= Lambda (association) =

Lambda is an association for gay people in Odense, Denmark, founded in 1993. The community wants to strengthen the identities of gays and lesbians, and work with other gay communities for gay rights.

==The name Lambda==
The organizations name originated from the Greek letter L λ, derived from a mythical regiment of Greek warriors said to have carried a flag with the Lambda sign in front of them on their way to war.

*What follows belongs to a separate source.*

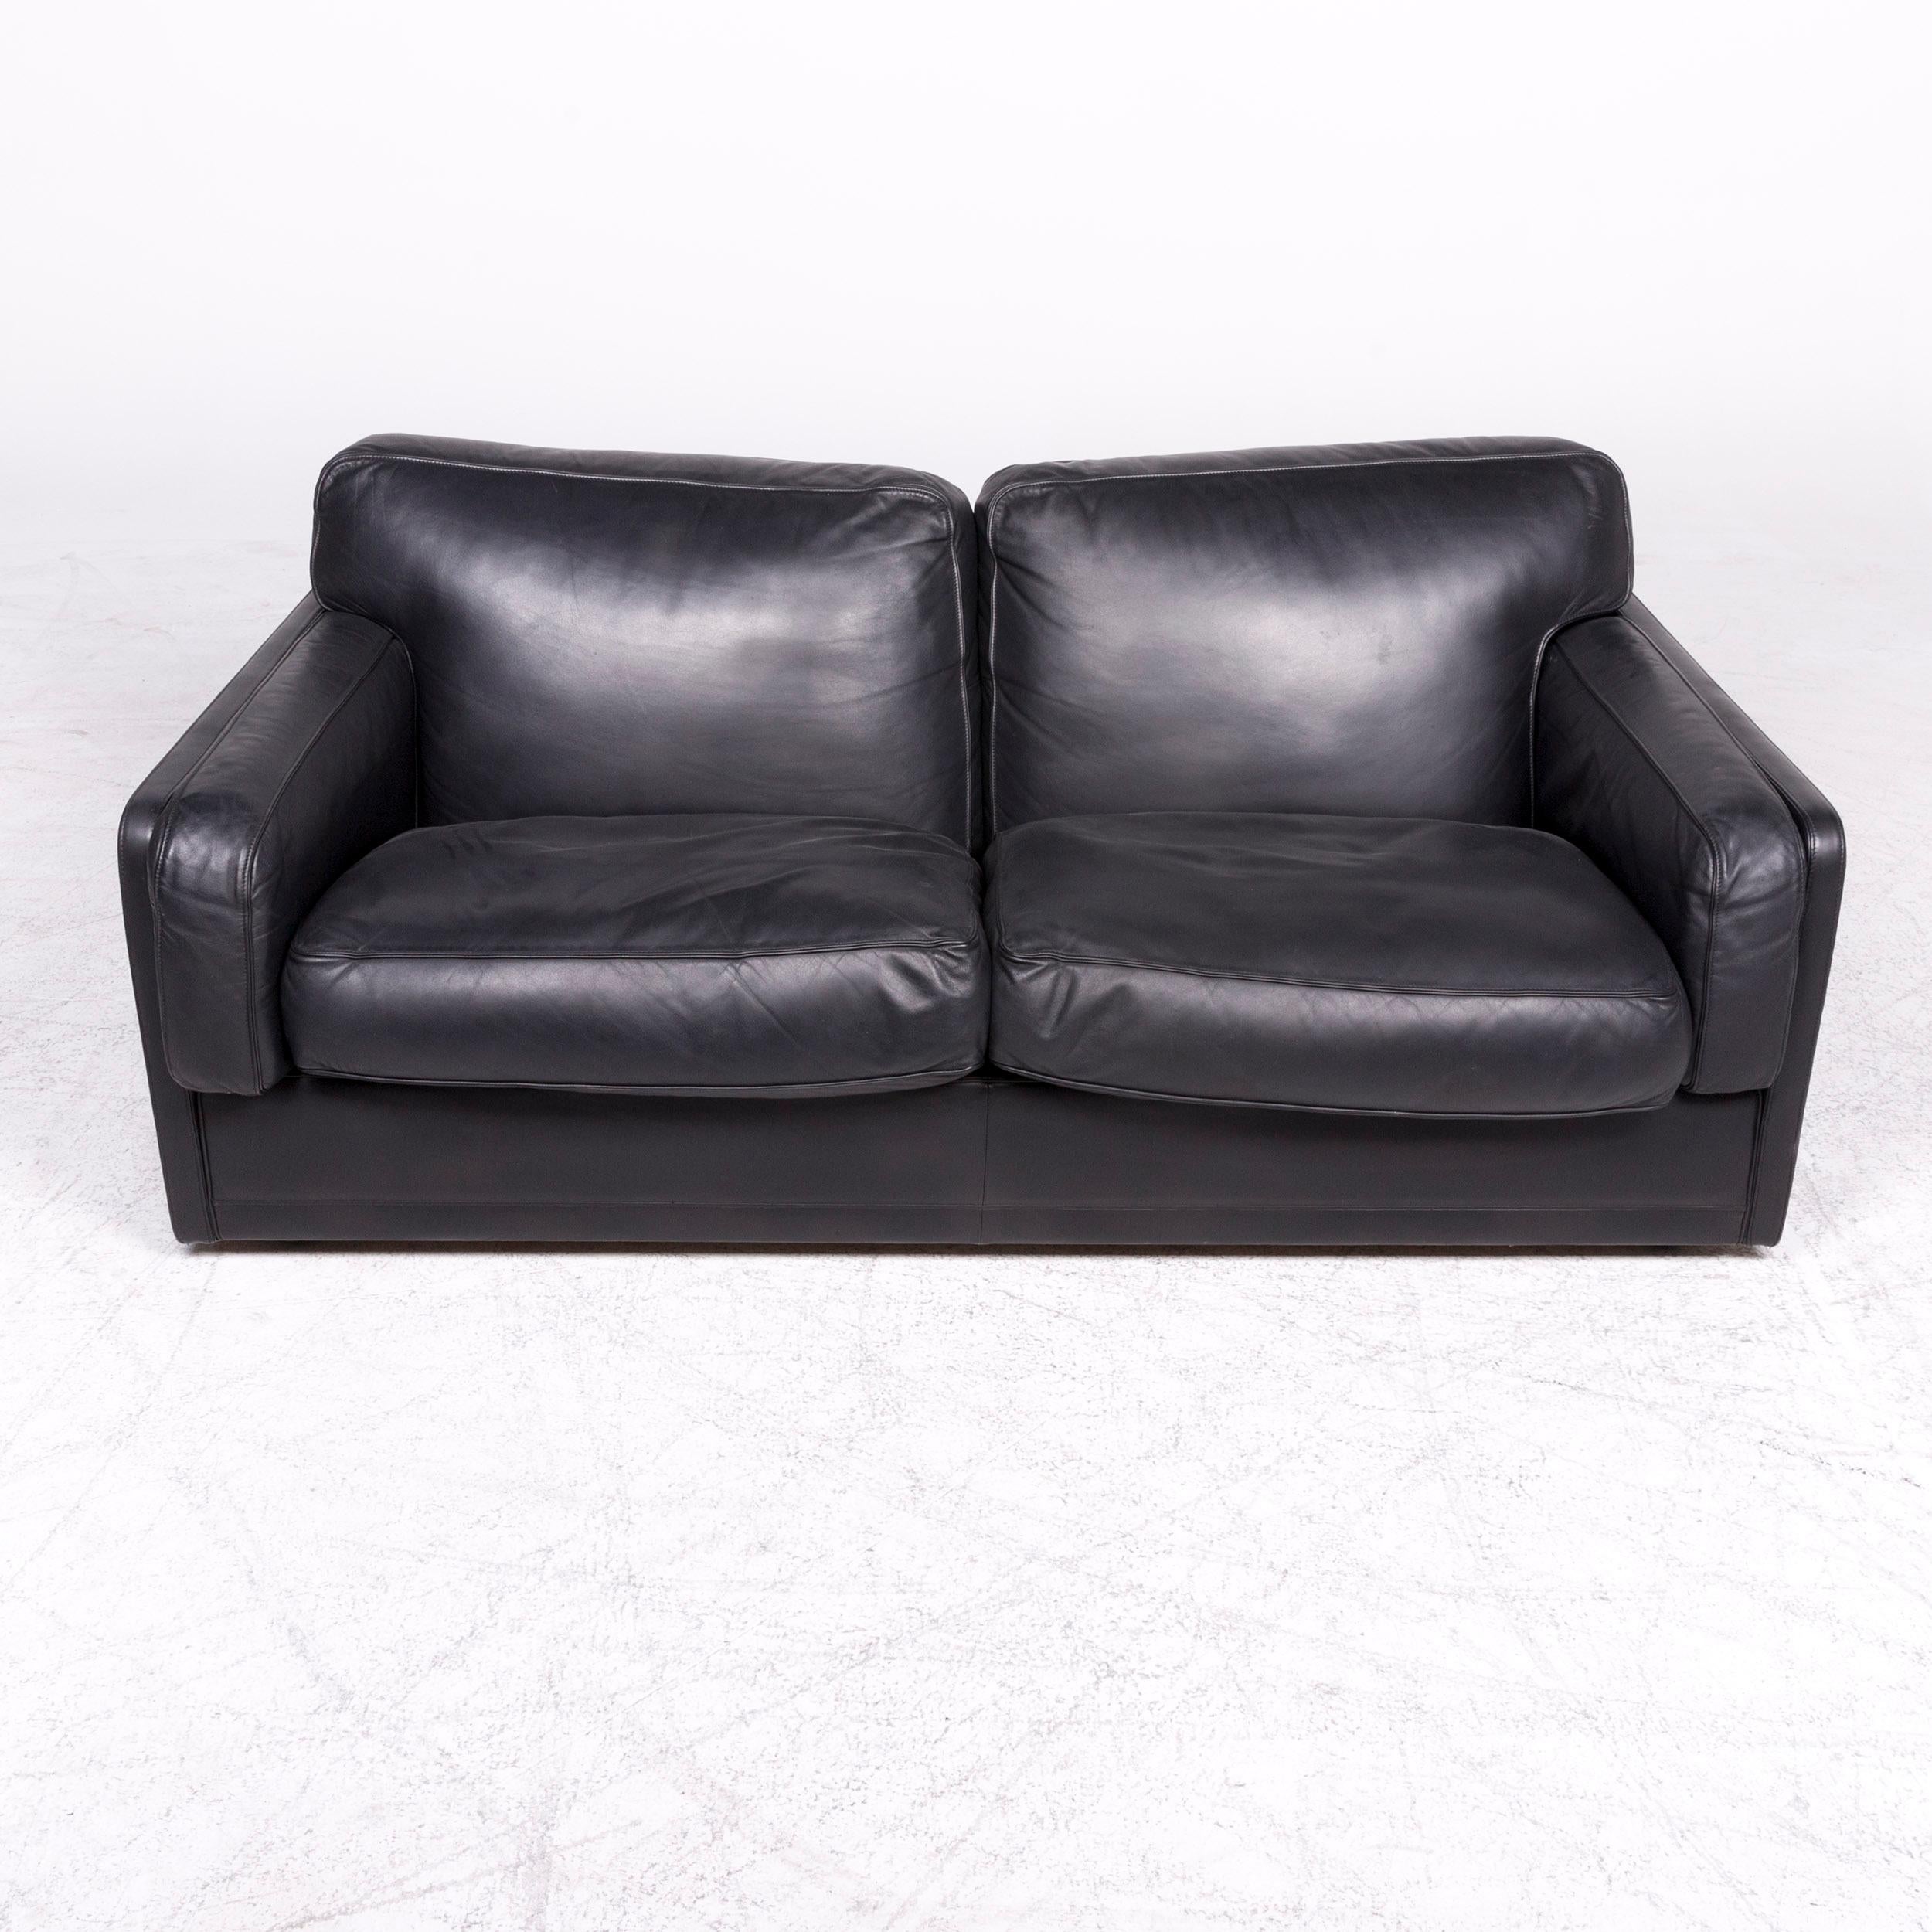 Contemporary Poltrona Frau Socrate Designer Leather Sofa Set Black Genuine Leather Two

The character was chosen by a group of activists in 1970, as a symbol of the homopolitical movement, and gay associations and projects throughout the world have since added the name Lambda into their name.

==History==
The Danish National Association of Gays and Lesbians (Landsforeningen for Bøsser og Lesbiske or LBL) originally had a local division in Odense, which between 1991 and 1993 hosted the Discotek club and ran the Café Pan in Sankt Anne Gade in central Odense. When the club was closed down, the whole board resigned in protest, and when the LBL didn't succeed in rebuilding the local division in Odense, a group of people decided to make a new gay community. They founded Lambda on 11 September 1993, after a meeting in Brandts Klædefabrik in Odense. In 1994 Pan Odense had to close again, and a lot of gay people didn't have a place to party. Lambda rented premises in the basement of Vindegade 100, with a café open on every Friday and Saturday, and a big Rainbowparty every other weekend until June 2005. In June 2005, Lambda had to move, as the building was going to be used for apartments. In October 2007 a new location was found in Odense Centrum.

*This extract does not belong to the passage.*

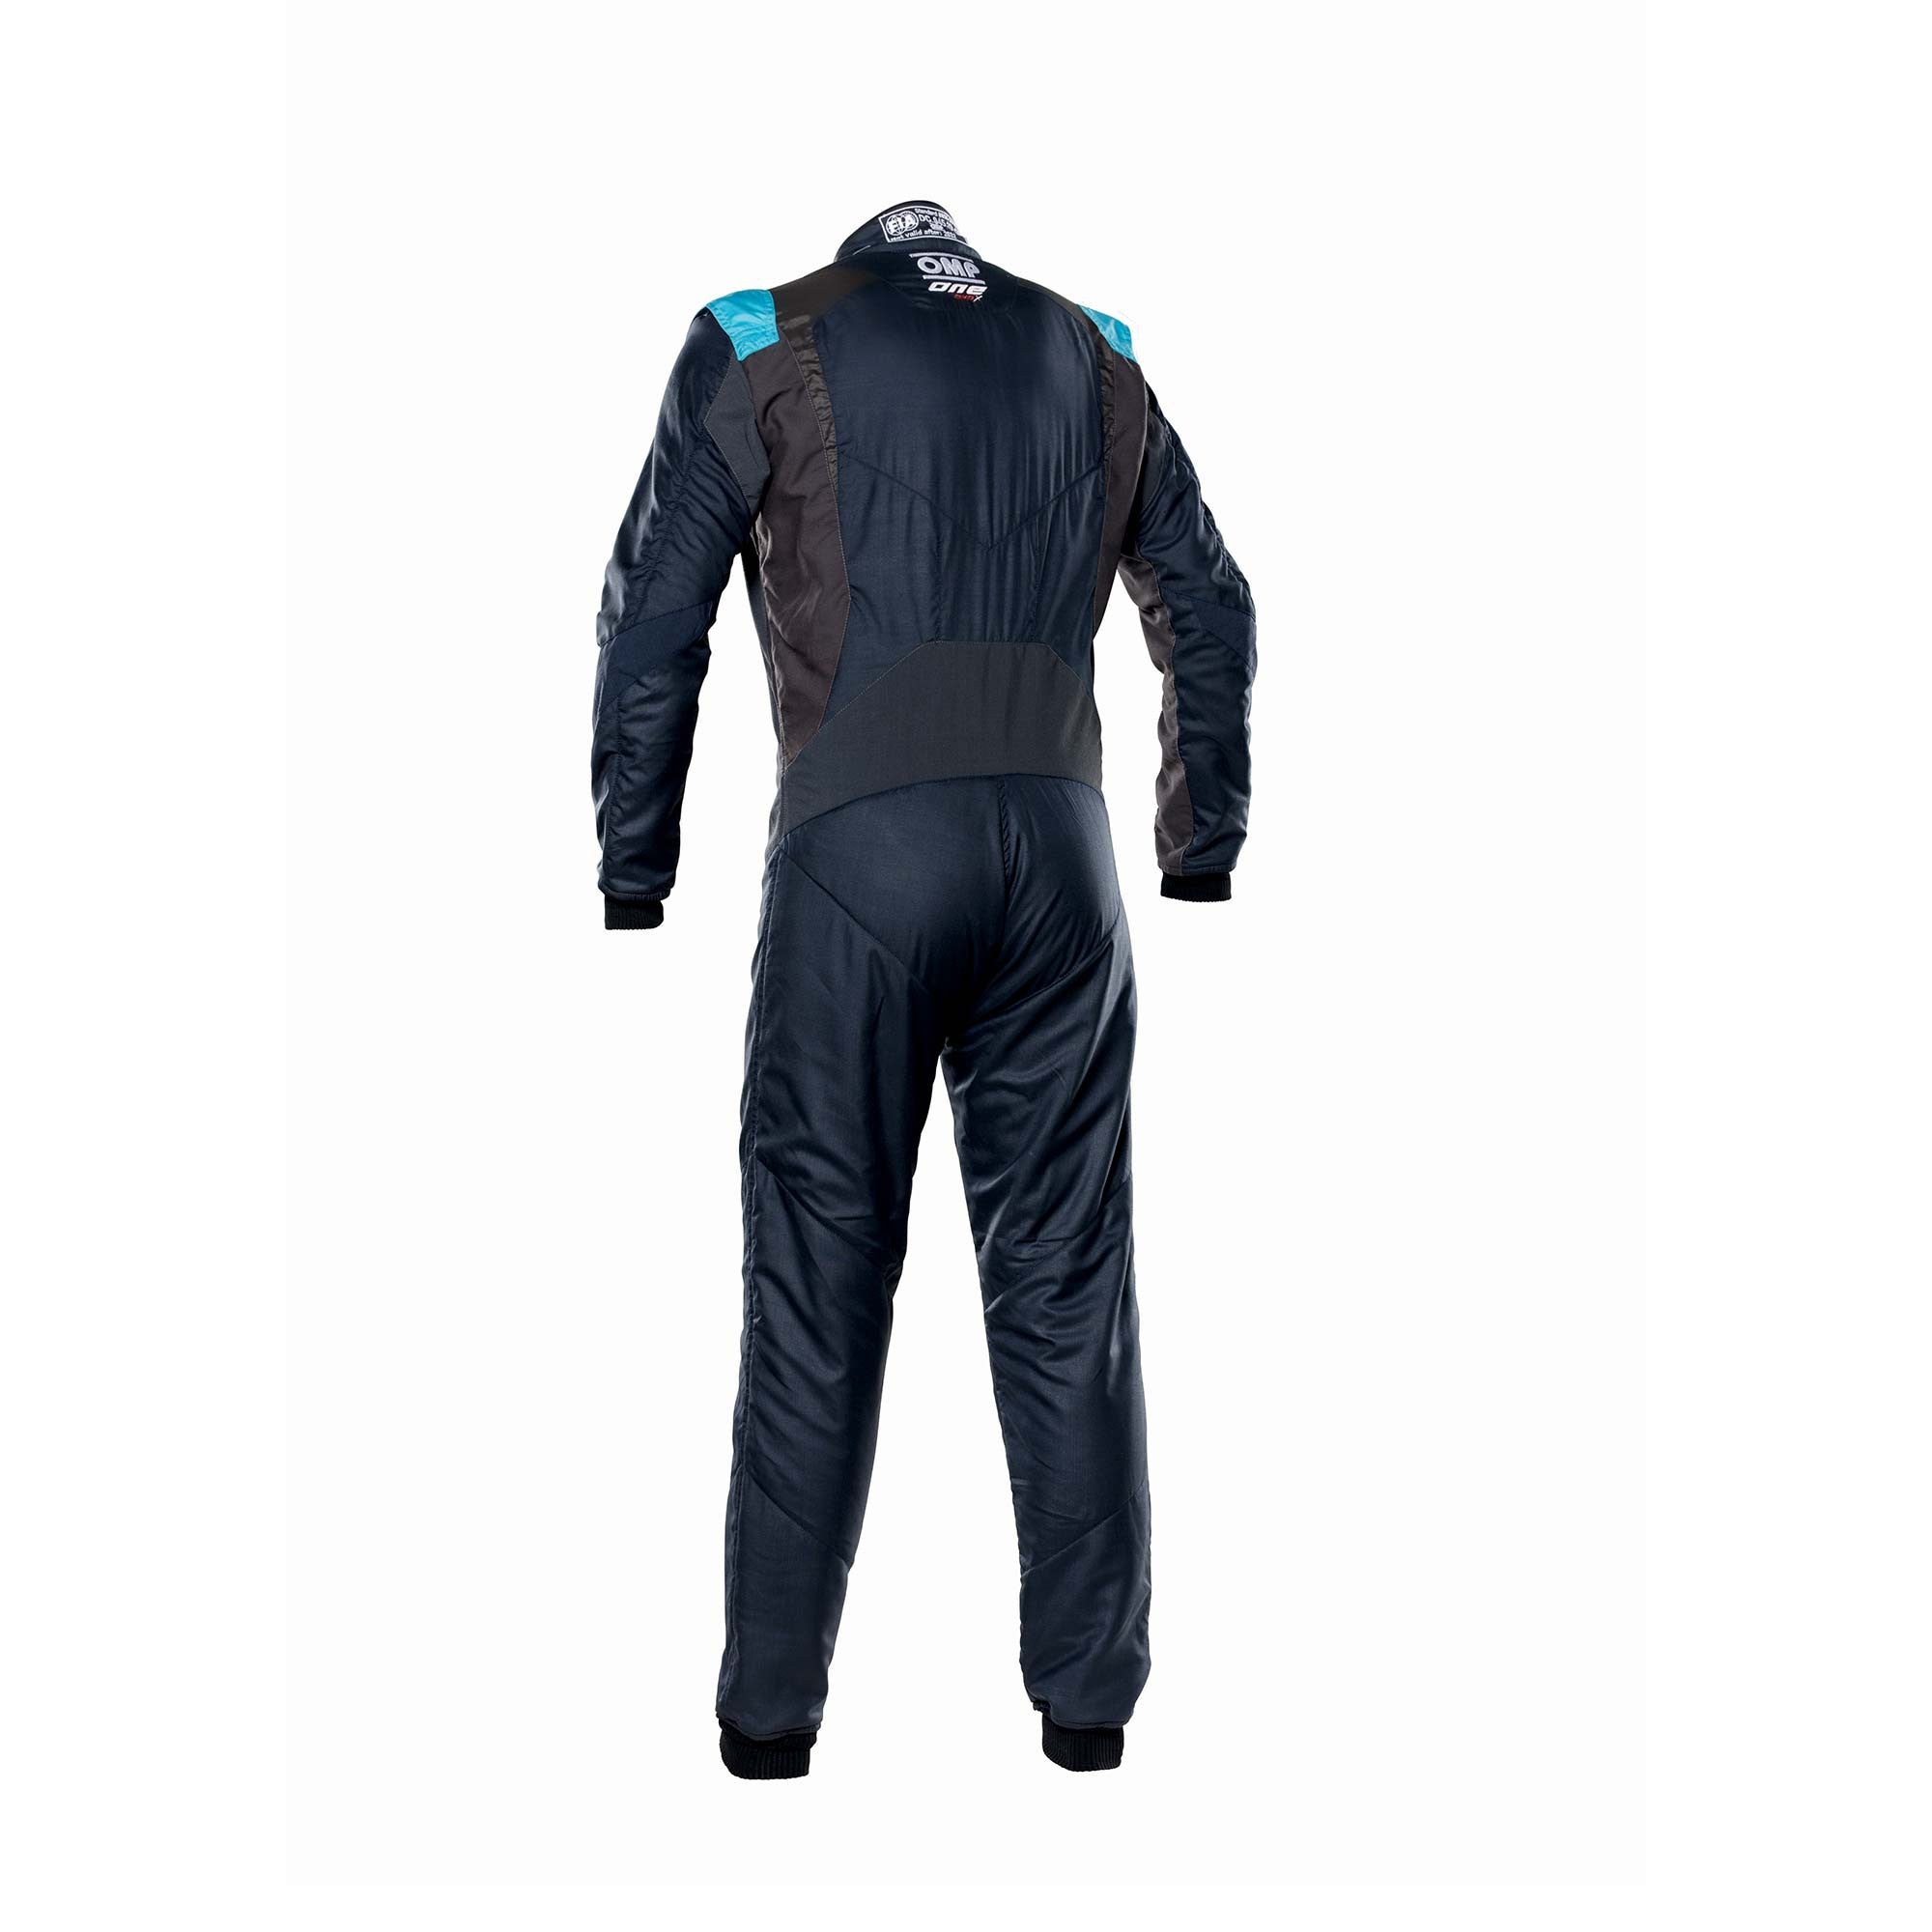 OMP IA0-1861-A01-246-56 Racing suit ONE EVO X, FIA 8856-2018, navy blue/gray/cyan, size 56 Photo-1

In autumn 2005, Lambda started a collaboration with Studenterhus Odense, which was completed at the end of the year, due to the fact that Student Housing Odense had a mess in the economy, thus creating a residency for the association. Since March 2006 and 2007, Lambda had a party for homoseksuality at Club Retro / Boubous while the board worked to find new premises.
From 2008 to 2010, the association has held parties in collaboration with a number of cafés and clubs in the city, including Blomsten and Bien, Mozaik and Globe.

==Brogade==
At the club's 15th birthday, September 11, 2008, the association opened its doors for its new café in Brogade 3 in Odense . The association had taken over the premises already in November 2007, but the renovation of the premises, taken over after the "Optimist", pulled out. The renovation was largely done using voluntary labor.

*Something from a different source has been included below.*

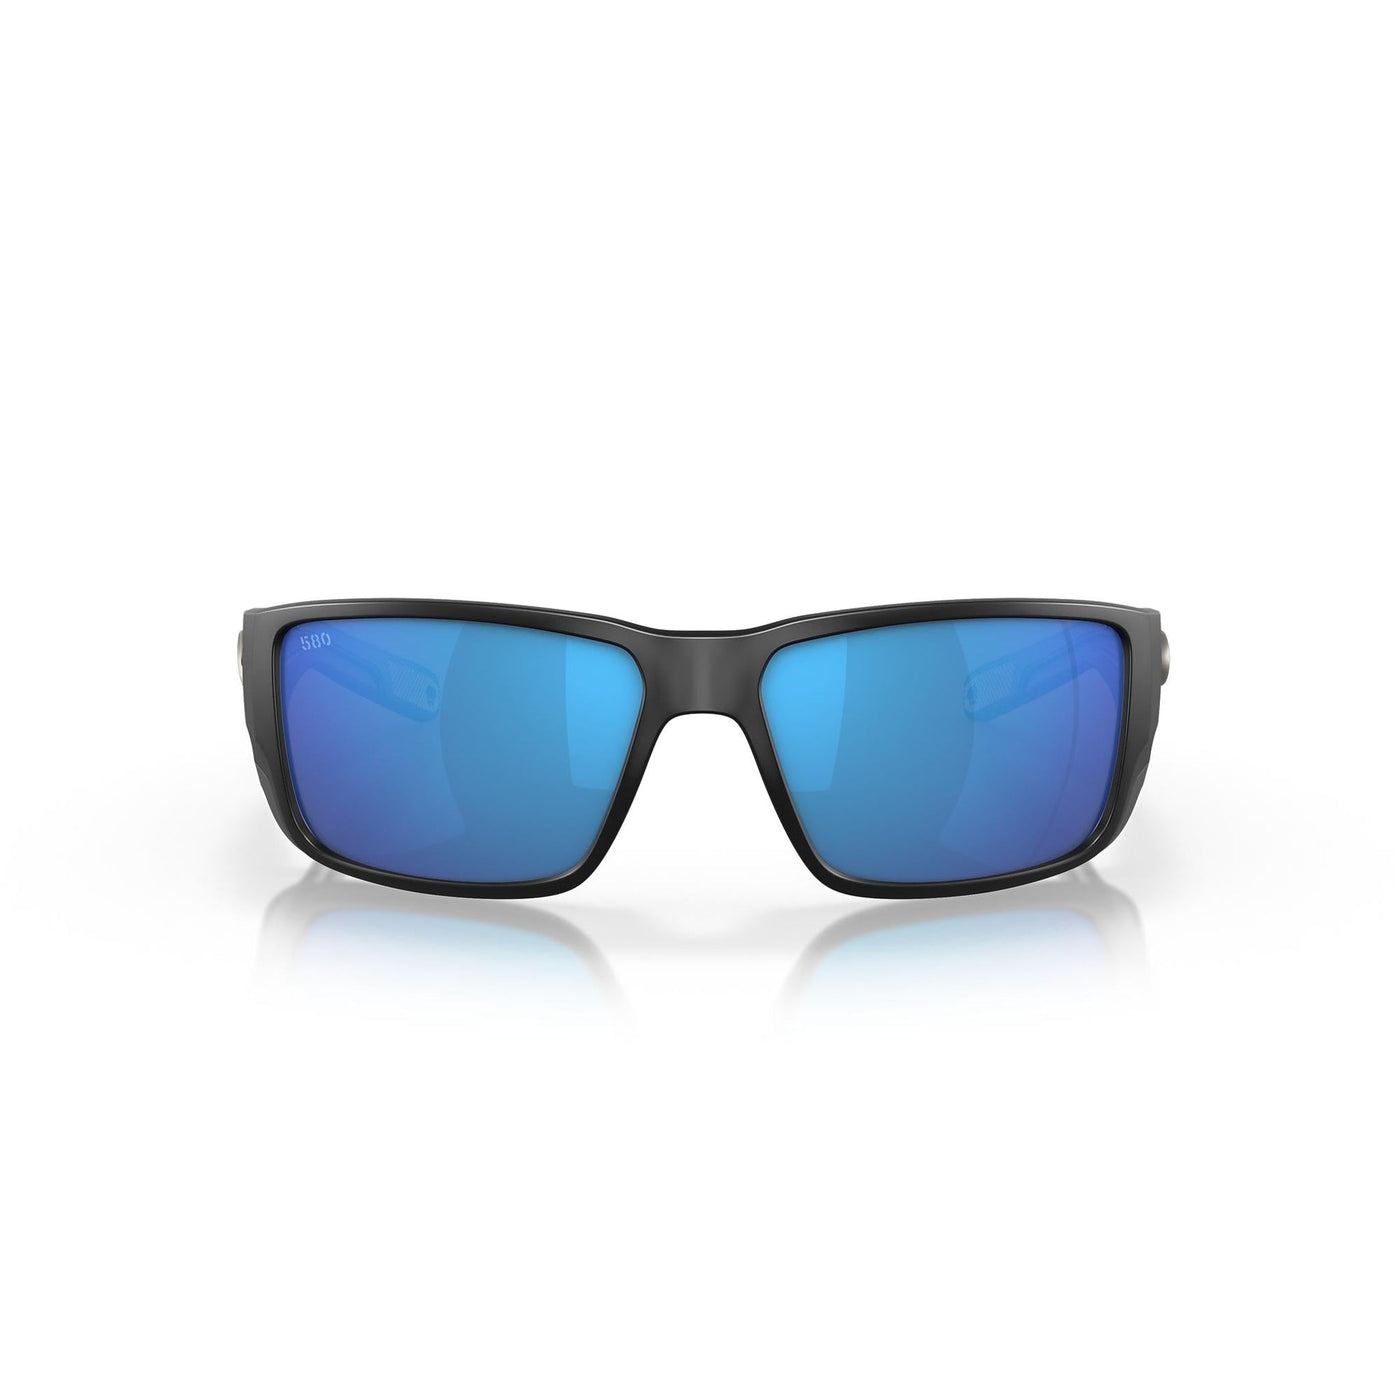 Costa Blackfin-Sunglasses-Topline Eyewear

The premises in Brogade must be considered a compromise in relation to what the association intended for relocating from Vindegade. The association had wanted premises that were located in street level opposite the premises in Vindegade, which were relatively hidden in the basement level. There was also a desire to be closer to the city center, and there should be room for both association activities and to have a café and disco. Brogade is located not closer to the city and there is also no room for big parties in the premises. On the other hand, the premises are in street level and there is room for both café and association activities.

Lambda's café is relatively well attended and had in 2009 a turnover of 356.000 kr.

==Activities==
There is ongoing collaboration with the Culture Machine in Odense, where Lambda's monthly parties are held.
In addition, the association has cafe operations in Brogade 3, 5000 Odense C every Thursday, Friday and Saturday. In addition, there are several activities during the year. mentioned Copenhagen Pride.

==Lambda's Groups==
Lambda has from the outset set up different groups aimed at different target groups. The association has among other things had an MC group, film group, youth group.

===Rainbow Kids===
Rainbow Kids (formerly Family Group) focus on Rainbow families and have a number of social activities. The group is not so visible in the association itself as they do not meet in the association's premises.

===Advice===
Advice is the group's most active group. Advice is offered to people with doubts about sexual orientation and / or gender identity.

===Info group===
The Info Group (formerly Go-Out Group) visits schools, associations and other interested in lectures on homosexuality. Among other things, the group is present on behalf of Lambda at the University of Southern Denmark's Studstartsmesse in Odense. The lectures are based on prejudices about homosexuality.

===Lambda News===
Lambda News was the association's membership magazine, published six times a year in the even months. In 2006, lambda news was through a crisis, without premises, many of Lambda's members fell off, and not many contributed to the member magazine. At the same time, the magazine was long without editor to collect the articles. This resulted in a fusion with other small local magazines in the province and they started the magazine Fusion . The merger has since been closed, and the association currently has no member magazine. Instead, the magazine is published "Out & About".